Kreuzberg. Gibt es zum Thema Auto noch etwas zu sagen? Offenbar ja. Vergangenes Wochenende eröffnete die Neue Gesellschaft für Bildende Kunst (NGBK) im Museum Kreuzberg ihre Ausstellung „Schöne Autowelt“. Auf zwei Etagen geht es um die Folgen des Automobils. In der oberen mit dem Mittel der Fotografie, in der unteren mit Hilfe von Graphiken und Plastiken.

Den Weg in die obere Etage kann sich derjenige schenken, der Neues erfahren möchte. Dort werden Schwarzweißbilder aneinandergereiht, die langweilen, weil sie jeder zur Genüge kennt: Rad- und Fußwege, die durch parkende oder fahrende Autos blockiert sind, Bilder vom „Rettungseinsatz“ und „Unfall-Fotos“. Unter dem Titel „Überlebt“ werden Unfallopfer vorgestellt, die in nebenstehenden Texten zu Wort kommen. Nur an der Geschichte von dem 31jährigen Holger Seidler bleibt man hängen, weil man ahnt, daß in der „Schönen Autowelt“ die Menschheit nicht nur in die beiden Gruppen Opfer und Täter dividiert werden kann.

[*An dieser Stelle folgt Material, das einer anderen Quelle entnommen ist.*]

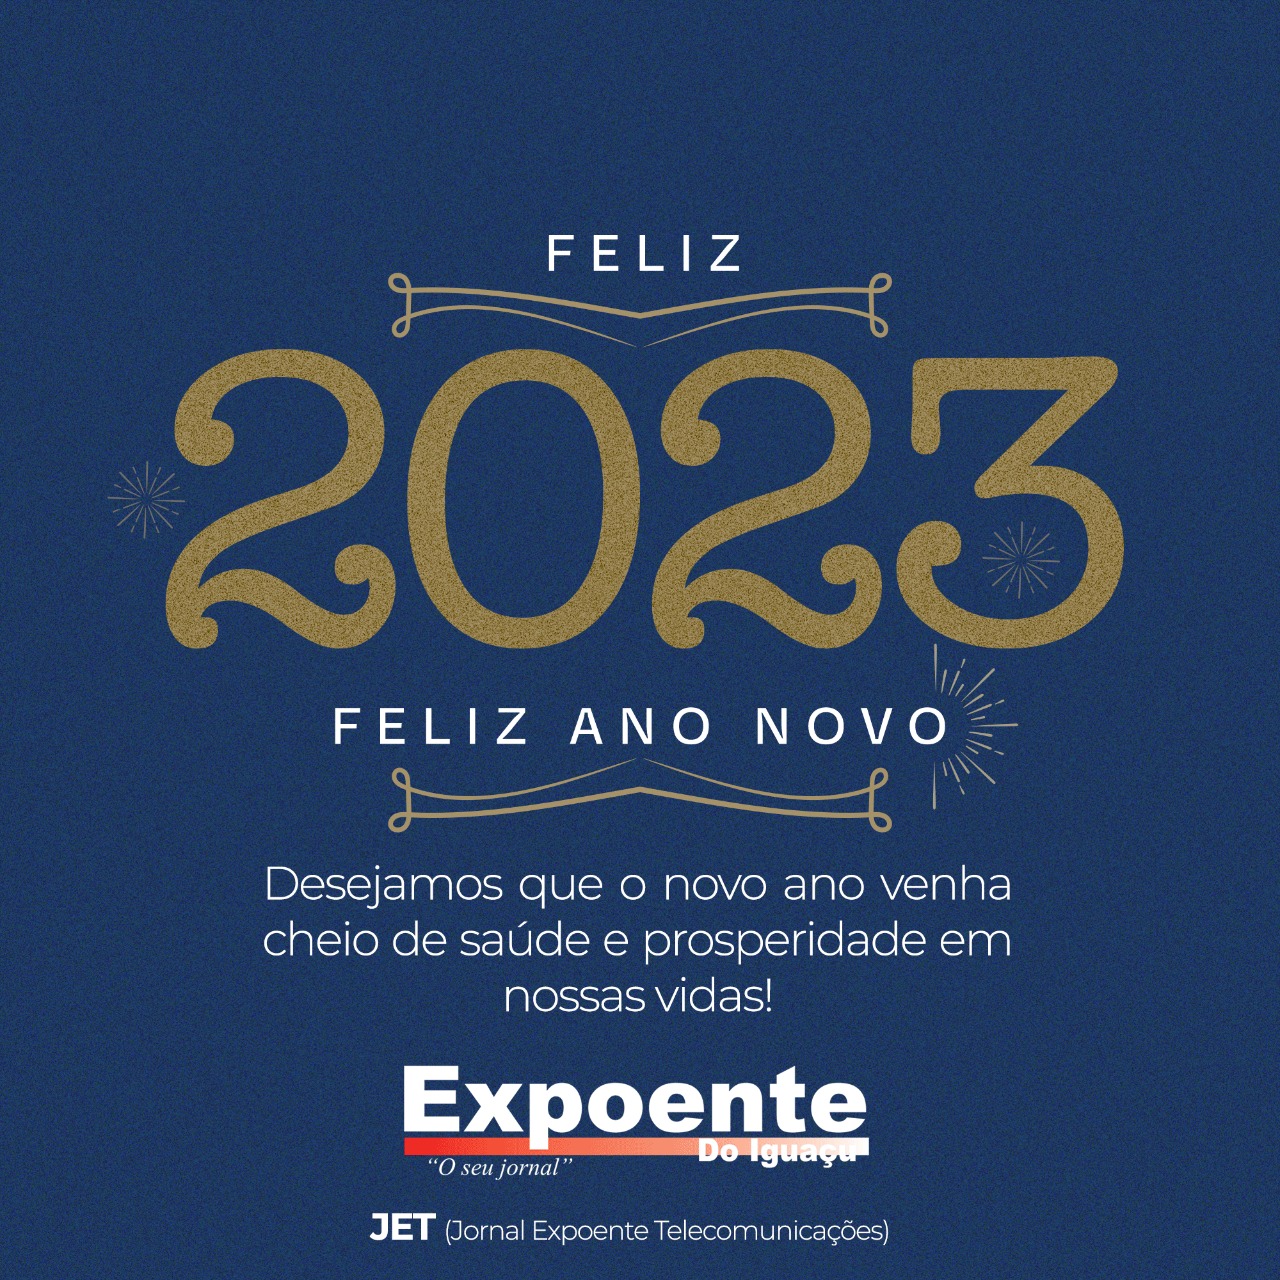 Img 20221231 Wa0003 - Jornal Expoente Do Iguaçu
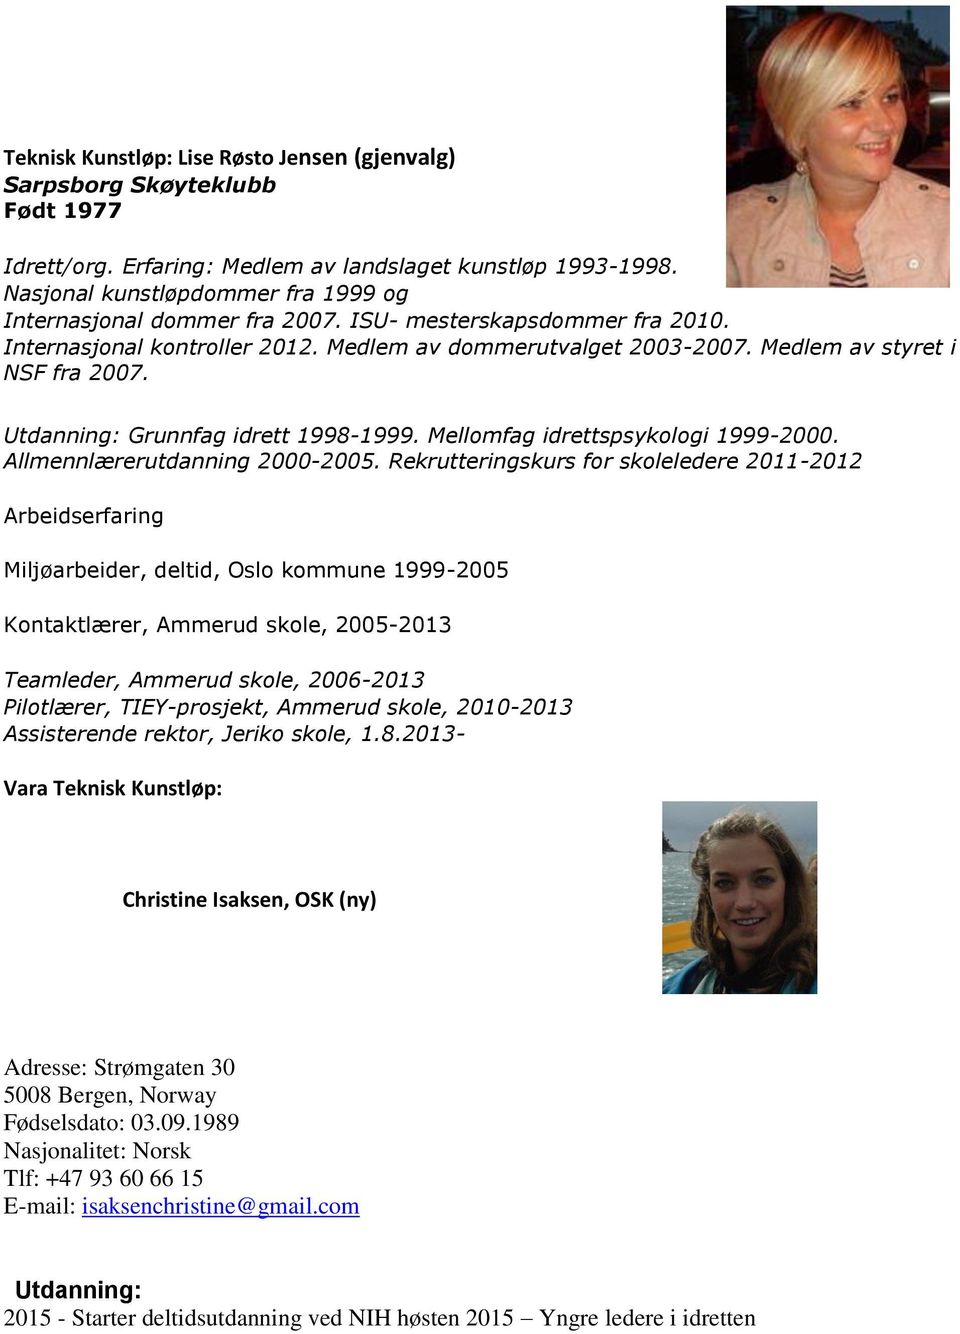 Utdanning: Grunnfag idrett 1998-1999. Mellomfag idrettspsykologi 1999-2000. Allmennlærerutdanning 2000-2005.

Ein Lastwagenfahrer nahm Seidler vor fünf Jahren die Vorfahrt. Seidler schleuderte mit seinem Wagen auf die Gegenfahrbahn. Ein Foto konfrontiert mit den Folgen: Seidler sitzt seit 1987 im Rollstuhl. Bis zu dem Unfall war der damals 26jährige selbst Autofahrer. Er verdiente sein Geld als Berufskraftfahrer bei der Berliner Stadtreinigung. Die Aussteller thematisieren den von der Autogesellschaft produzierten Widerspruch nicht, daß die „Schöne Autowelt“ aus einem Menschen Täter und Opfer zugleich macht. Eine einzige Fotografie paßt nicht in das Bild des stinkenden, Krach machenden, im Stau stehenden Automobils: „Wochenend und Sonnenschein“ von Gerd Pfeiffer. Die Reihe hintereinander fahrender, auf Hochglanz gebrachter Cabriolets aus den 60er Jahren verrät, daß es unter einer Bromsilberschicht, die das Auto nur als das Böse schlechthin abzubilden vermag, etwas Gutes geben muß.

Was den Fotografen oben nicht gelingt, wird im unteren Stockwerk geleistet: die Oberfläche durchbrechen. Auspuffrohre quetschen sich durch eine Holzplatte, auf der der Bezirk Kreuzberg als Karte wiedergegeben ist. Auch wenn die Nachricht schlecht ist – die Rohre stellen in der jeweils von ihnen durchstoßenen Straße den Grad der Luftverschmutzung dar –, tut es gut, die Plastik anzusehen. Endlich kann man wahrnehmen, was sich sonst im Zahlendschungel von Grenzwerten und Mikrogramm so gut verstecken läßt.

Dasselbe ist den Künstlern bei der Darstellung des Asphaltfraßes, der Unfallzahlen, des Lärms und der Verkehrsdichte gelungen. Im allgemeinen kennt man zwar die Folgen des Individualverkehrs, doch in der konkreten Veranschaulichung steckt die Dramatik – das Begreifen des Autowahns in Kreuzberg. Dirk Wildt

„Schöne Autowelt“, bis 15.1. 1993 im Kreuzbergmuseum, Adalbertstraße 95, außer Mo. täglich 14 bis 18 Uhr, Eintritt frei.